• HOW TO COMPLETE THIS TASK
In the material below, pictures must be dropped. Repeat exactly, and only, the lines from the line with "Apr. 28, 1972" to the line with "Foodland - Newfoundland", both ends included.

• GIVEN RECORDS
•••••

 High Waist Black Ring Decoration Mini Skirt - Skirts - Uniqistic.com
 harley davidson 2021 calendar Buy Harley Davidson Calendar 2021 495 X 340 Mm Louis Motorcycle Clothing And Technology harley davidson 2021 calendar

•••••

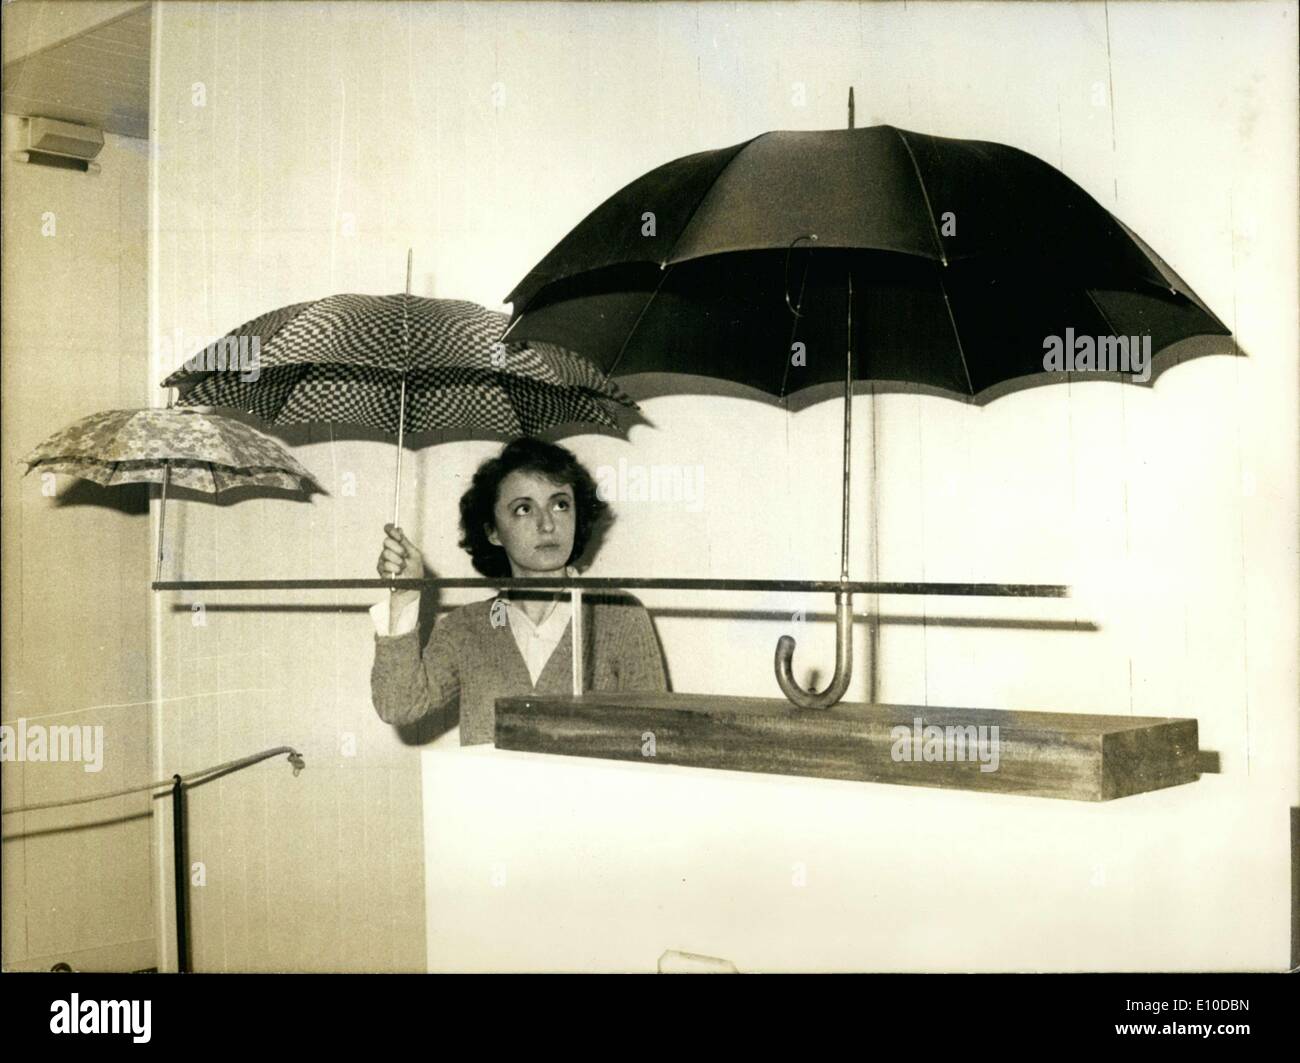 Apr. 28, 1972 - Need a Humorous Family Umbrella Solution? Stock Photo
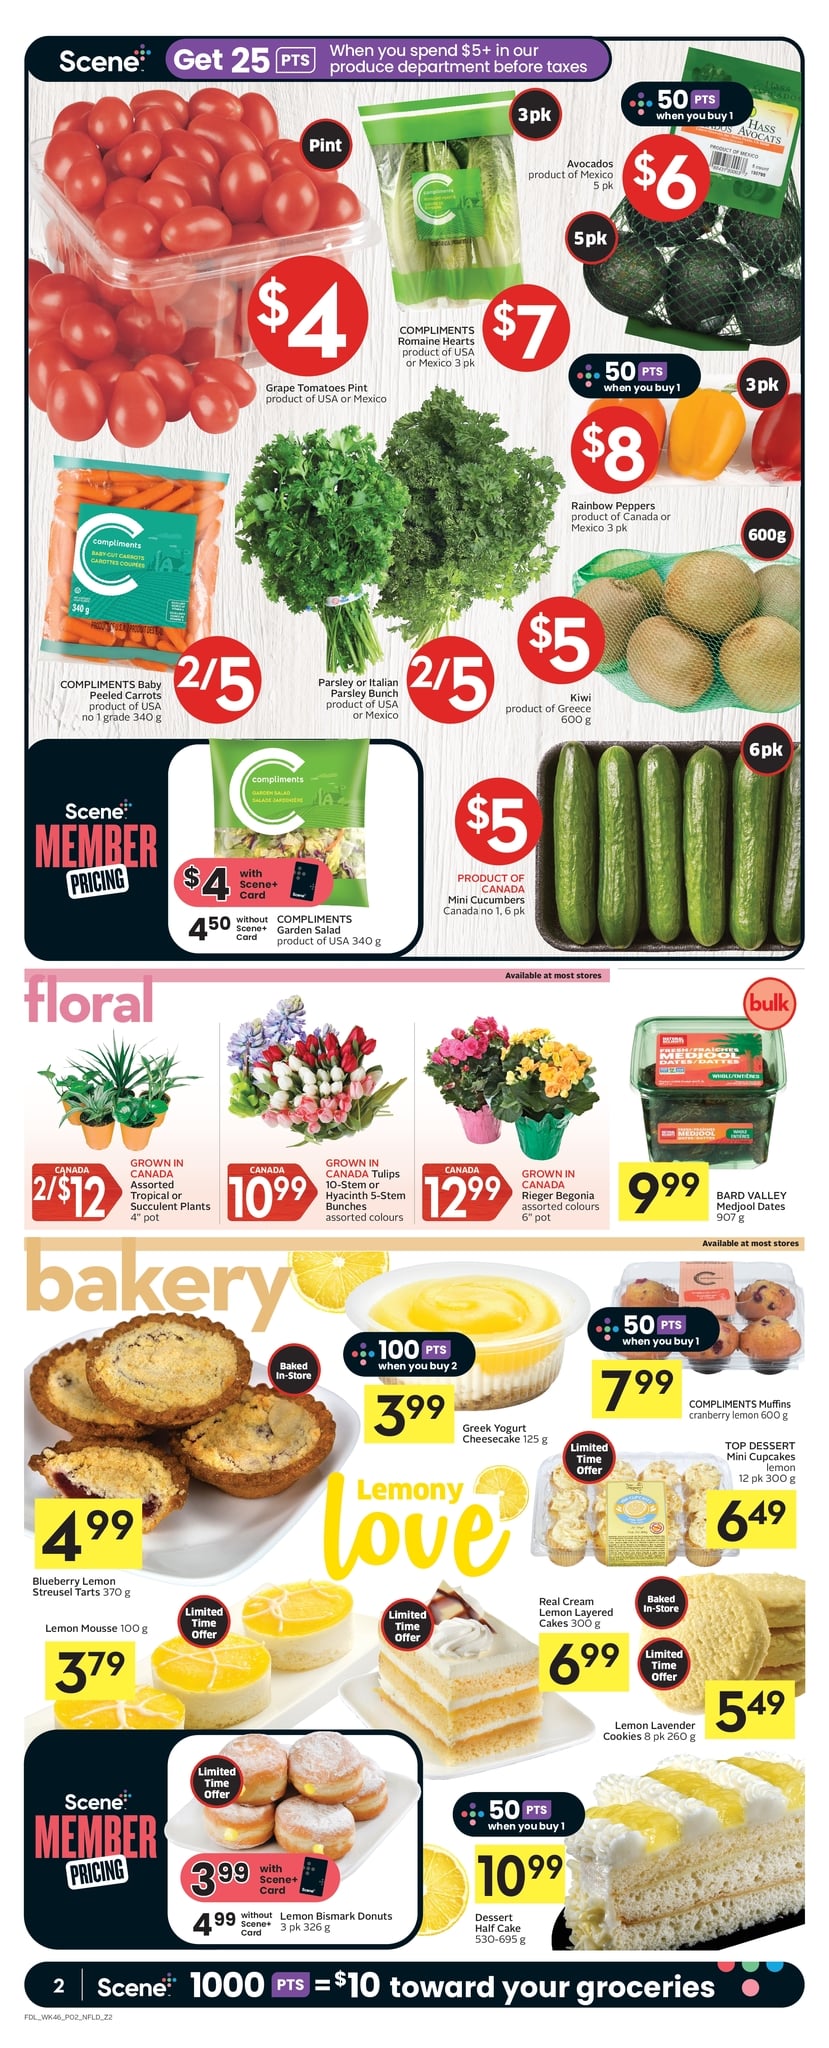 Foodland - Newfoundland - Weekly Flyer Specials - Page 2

•••••

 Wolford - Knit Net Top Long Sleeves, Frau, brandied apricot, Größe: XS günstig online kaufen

•••••

• RESULT OF THIS EXERCISE
 Apr. 28, 1972 - Need a Humorous Family Umbrella Solution? Stock Photo
 Foodland - Newfoundland - Weekly Flyer Specials - Page 2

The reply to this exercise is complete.